Seventeen lamas burst into a chapel in Gandan monastery in March and tore down two clay statues of protective deities, claiming they were "evil spirits". They began fighting with six worshippers, China's official Xinhua news agency reported.
The publication of a story about religious dissent in Tibet is a rare event in Chinese media. But the Beijing government wants to use the incident as a way of criticising the Dalai Lama, the most senior figure in Tibetan Buddhism, whom many Tibetans regard as a god-king.
The Dalai Lama, 70, fled Lhasa, the capital of Tibet, in 1959 after a failed uprising against Chinese rule, nine years after Communist troops entered the remote, Himalayan country.
The Mayor of Lhasa, Norbu Dunzhub, accused the Dalai Lama yesterday of masterminding religious conflict. "It is by no means an isolated and accidental event. At face value, it is an internal affair within a monastery, but on a fundamental level, it was provoked by the Dalai clique whose purpose is to arouse conflict between different sects of Tibetan Buddism, thus sabotaging the unity of Tibet," he said.
Police were mobilised to prevent crowds of Buddhists from going to the monastery. Tibet has more than 1,700 places of worship and 46,000 Buddhist monks.
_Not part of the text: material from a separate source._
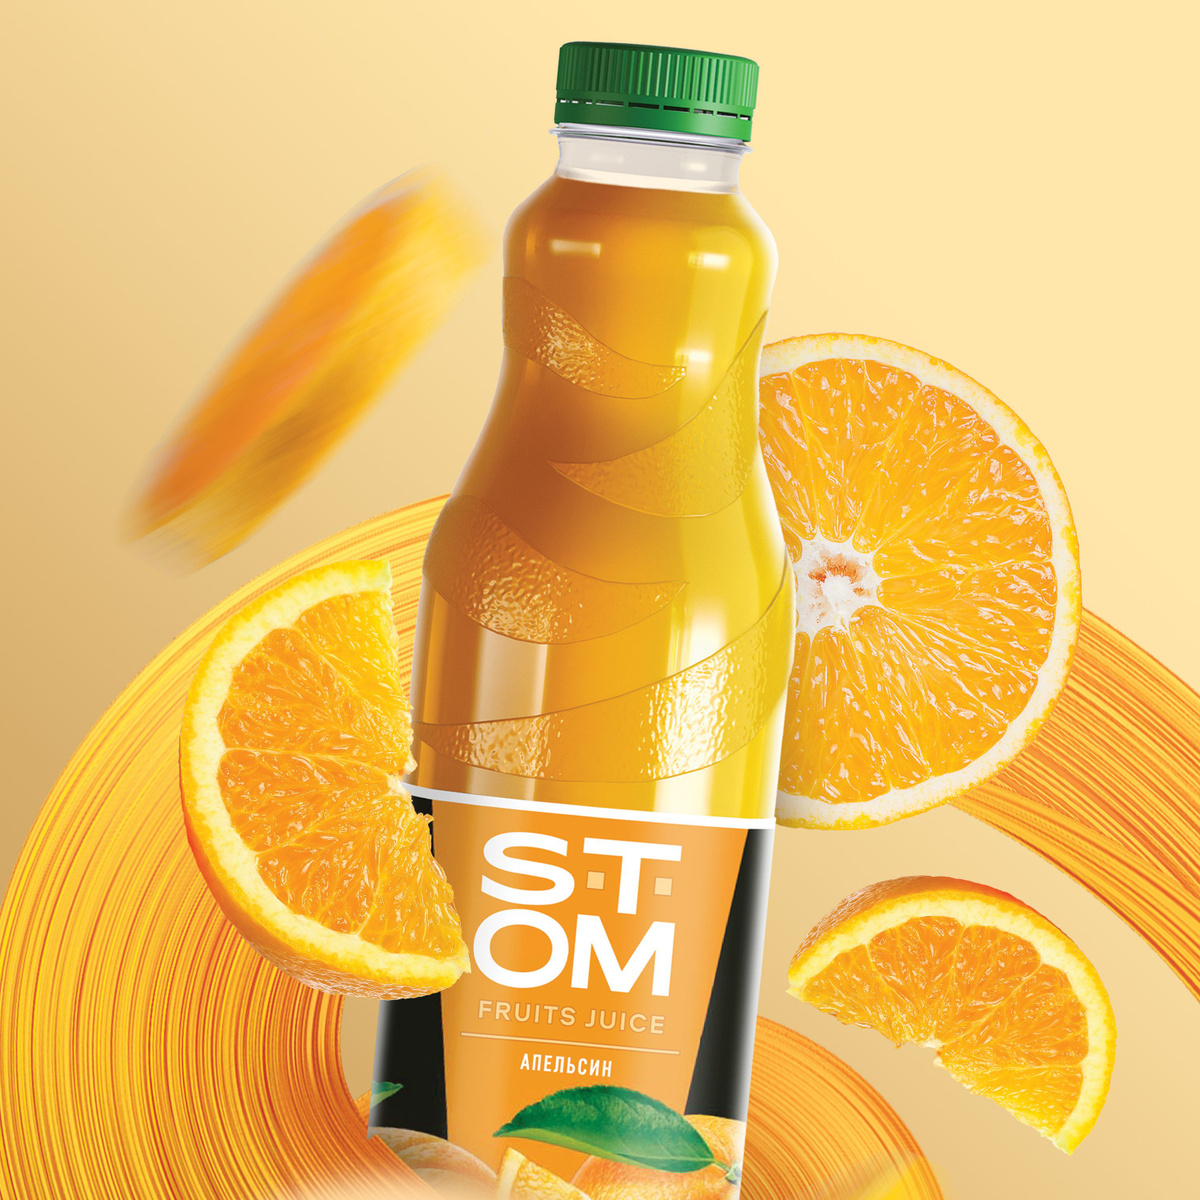 Апельсиновый cок STOM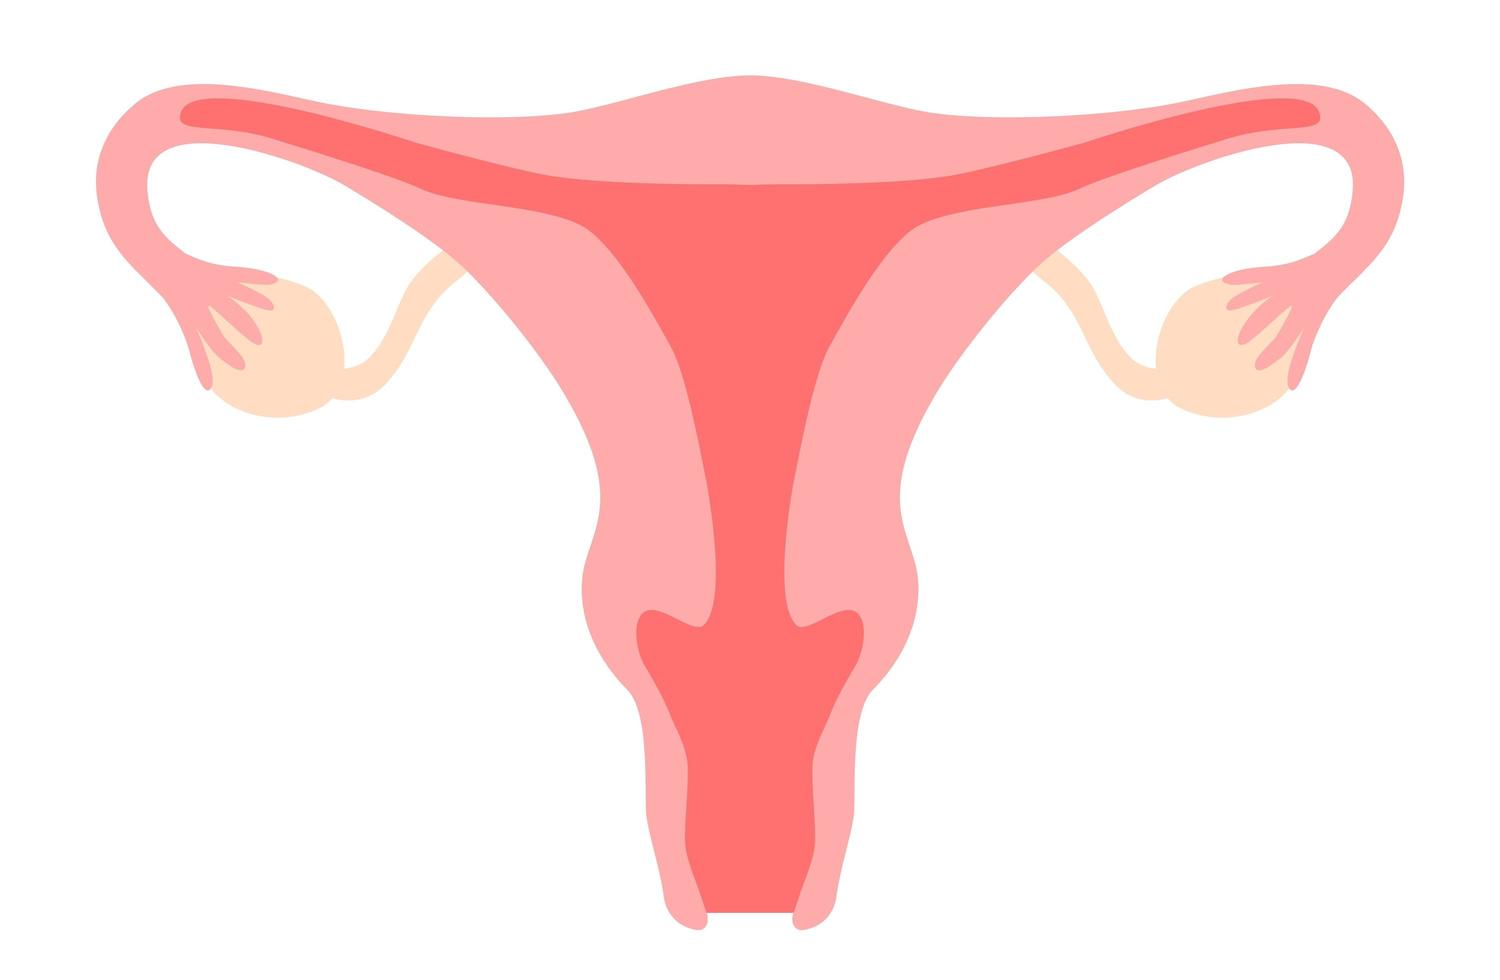 Gebärmutter clipart. Gebärmutter, Vagina, Eierstock, Gebärmutterhals. Fortpflanzungssystem der Frau, Gynäkologie, Fruchtbarkeit, Menstruationszyklus, Girl-Power-Konzept. Vektor-Illustration auf weißem Hintergrund im flachen Cartoon-Stil isoliert vektor

At issue is a complex matter of doctrine between the Dalai Lama and the much smaller Dorje Shugden stream of his Gelugpa school of Tibetan Buddhism. The row has been going on for four centuries. In the 1970s, the Dalai Lama warned his followers not to worship Shugden, saying it was detrimental to spiritual health and to the cause of the Tibetan people. In 1996, he called on followers to reject the deity, calling it a divisive offshoot of Buddhism. Supporters of Shugden say his ban violates religious freedom.
Mr Norbu said it was the Dalai Lama and his supporters, not the Chinese authorities, who were restricting religious freedom because of his hard line on the deity.